Original Author: Bruce Alexander, Pharm.D, BCPP
Latest Reviser: Mary Brabson, Pharm.D. and Paul Perry, Ph.D.
Creation Date: 1996
Last Revision Date: July 2005
Peer Review Status: Internally Peer Reviewed
This monograph reviews treatments currently approved by the FDA as well as available over-the-counter treatments of DAT. Treatment goals for DAT are to improve or slow the progression of loss of memory and cognition and to maintain independent function.
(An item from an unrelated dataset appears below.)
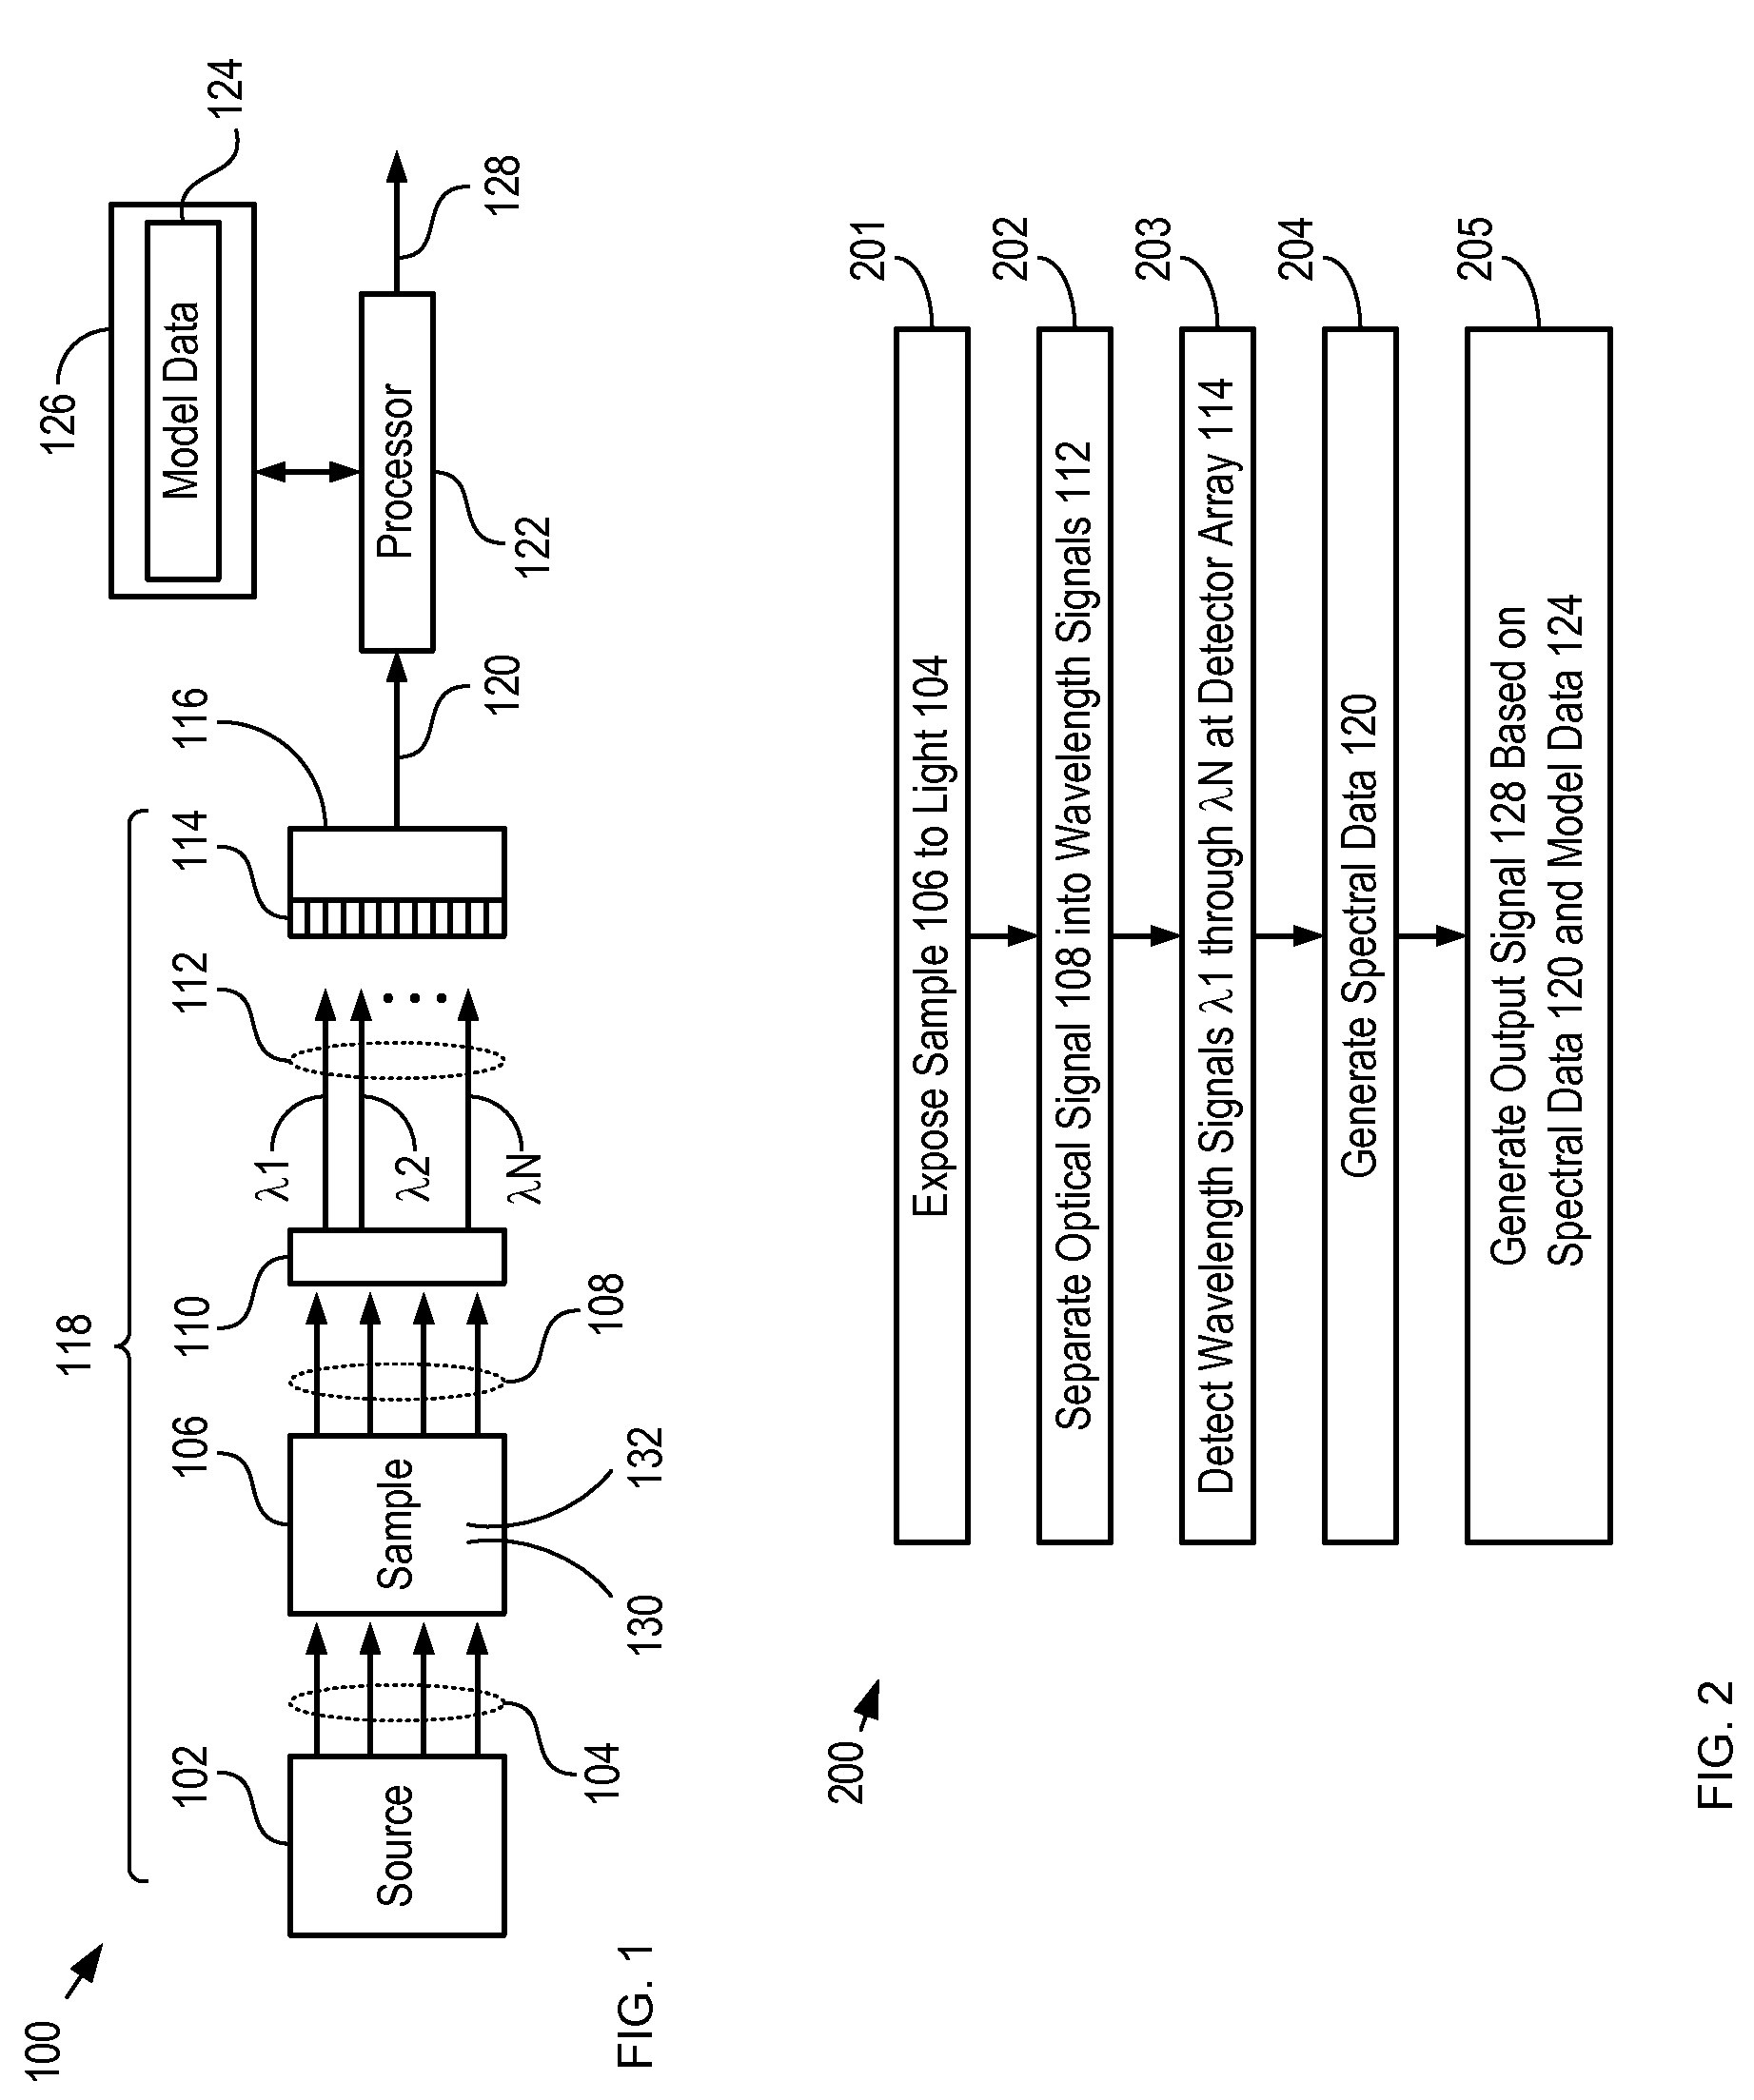 Apparatus and method for detecting and quantifying analytes in solution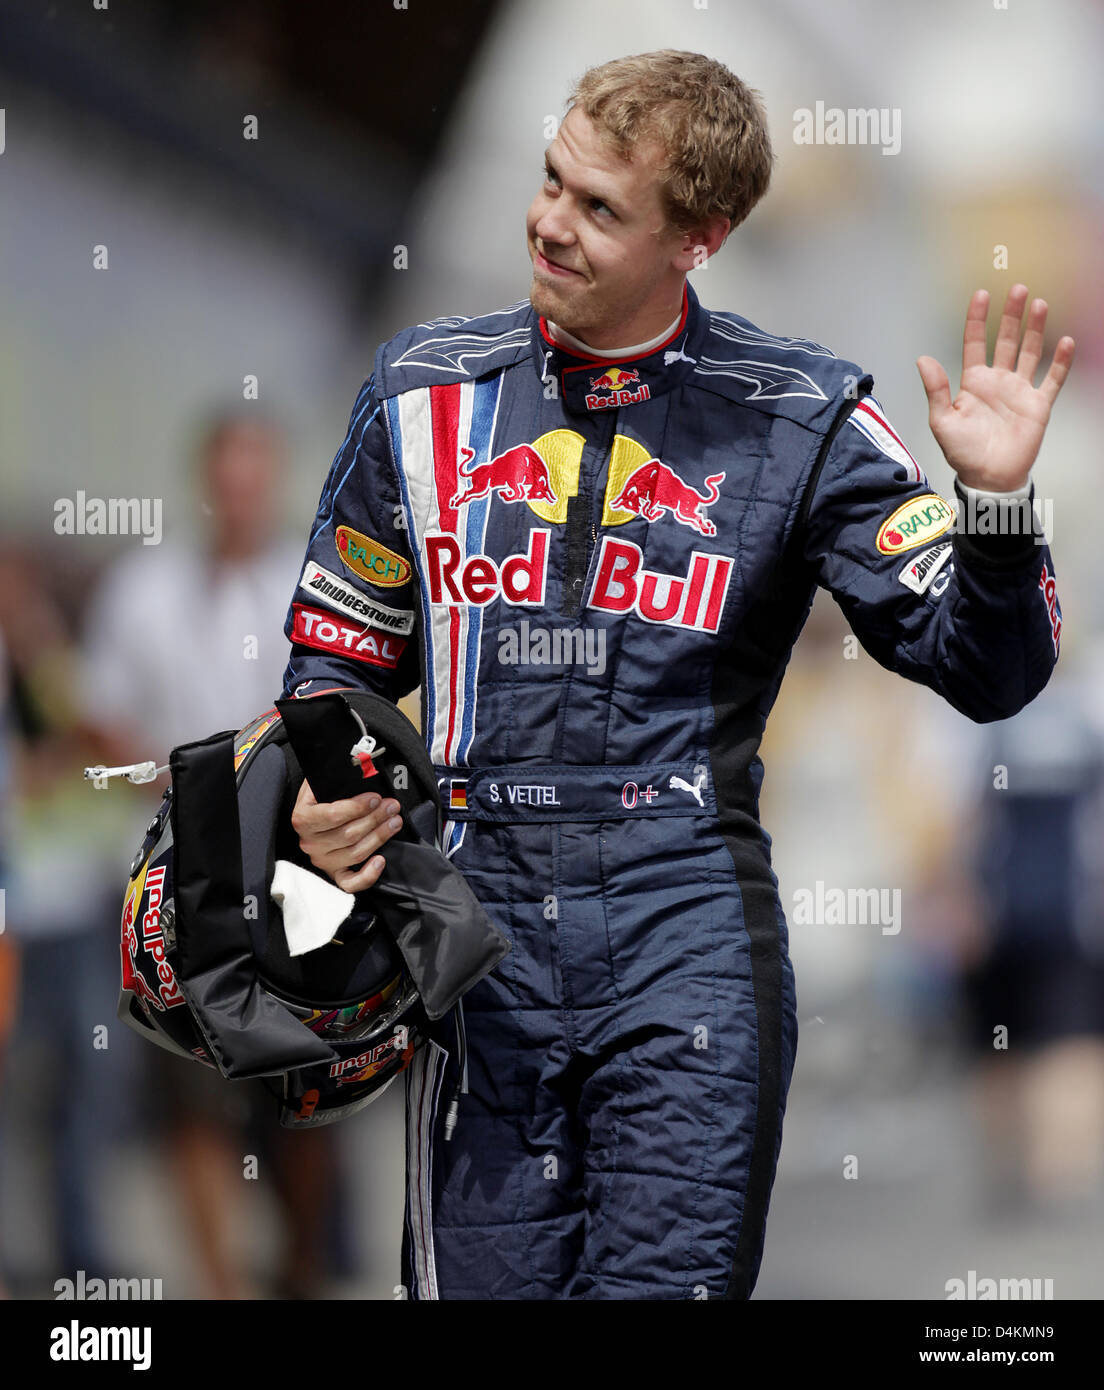 German Formula One driver Sebastian Vettel of Red Bull Racing greets to the fans while walking through the pitlane after the second practice session at Circuit de Catalunya in Montmelo near Barcelona, Spain, 08 May 2009. The Grand Prix of Spain will take place on 10 May. Photo: Felix Heyder Stock Photo

The DSM-IV defines dementia as: "multiple cognitive deficits, which include memory impairment and at least one of the following: aphasia, apraxia, agnosia or disturbance in executive functioning. Social or occupational function is also impaired." (American Psychiatric Association 2000). Dementia of the Alzheimer's Type (DAT) is the most common form of dementia in older individuals (Burns et al 1999, Mayeux and Sano 1999). The incidence increases steadily from 0.5 percent per year at age 65 to almost 8 percent per year after the age of 85 years. The prevalence increases from 3 percent at age of 65 to 47 percent after the age of 85. By the year 2050, the number of patients diagnosed with DAT is projected to rise to 11.3 million to 16 million (Herbert et al, 2003). The direct and indirect costs for caring for an individual with DAT are approximately $100 billion. The average lifetime cost for caring for an individual is approximately $174,000 (Ernst, 2003). Medicare costs for beneficiaries are expected to increase by 75 percent from $91 billion in 2005 to $160 billion in 2010 (Lewin Group, 2004). The clinical presentation of Alzheimer's dementia is cognitive impairment, behavioral disturbance such as wandering and agitation, psychiatric signs/symptoms including psychosis, depression, and anxiety, and impairment of activities of daily living (ADLs) (Burns et al 1999a). The average rate of major depression, psychosis, and agitation in DAT is approximately 8%, 20%, and 20%, respectively (Mayeux and Sano 1999). These conditions may coexist. Treatment of these associated diagnoses or conditions is discussed in other chapters
OBJECTIVE ASSESSMENT
The FDA recommends that all clinical trials submitted for FDA consideration use the Alzheimer's Disease Assessment Scale, Cognitive Subscale (ADAS-Cog) (Mayeux and Sano 1999). This is an 11-item scale that assesses memory, orientation, attention, reasoning, language, and motor performance. Scores range from 0 (no impairment) to 70 (severe impairment). In placebo-treated DAT patients the scores will decrease by 8-10% annually. Significant differences between drug and placebo scores on the ADAS-Cog may be statistically significant, but not clinically significant depending on the number of patients enrolled in the trials. An improvement of 7 points is regarded as being of clinical significance (Burns et al 1999a). Several other tests may be employed in the diagnosis of DAT. These include the Behavioral Pathology in Alzheimer's Disease Rating Scale (BEHAVE-AD) which provides a global rating of non-cognitive symptoms, the Blessed Test assessing ADLs and memory/concentration/orientation, the Cambridge Neuropsychological Test Automated Battery (CANTAB) that consists of thirteen tests of function, attention and memory, the Consortium to Establish a Registry for Alzheimer's Disease (CERAD) tests which are used to monitor cognitive decline, the Clock Draw Test which assesses cognitive or visuospatial impairment, the Mini Mental State Exam (MMSE) which is an abbreviated exam for mental status and cognitive function, the Neuropsychiatric Inventory (NPI) which assesses the 12 most common neuropsychiatric disturbances found in dementia and finally the 7 Minute Screen which assesses memory, visuospatial skills and expressive language. It can distinguish between cognitive changes due to the normal aging process and cognitive deficits due to dementia.
STAGING OF DEMENTIA
Progressive dementias are generally staged according to the level of impairment (APA Practice Guidelines 1987). Table 1 describes this classification.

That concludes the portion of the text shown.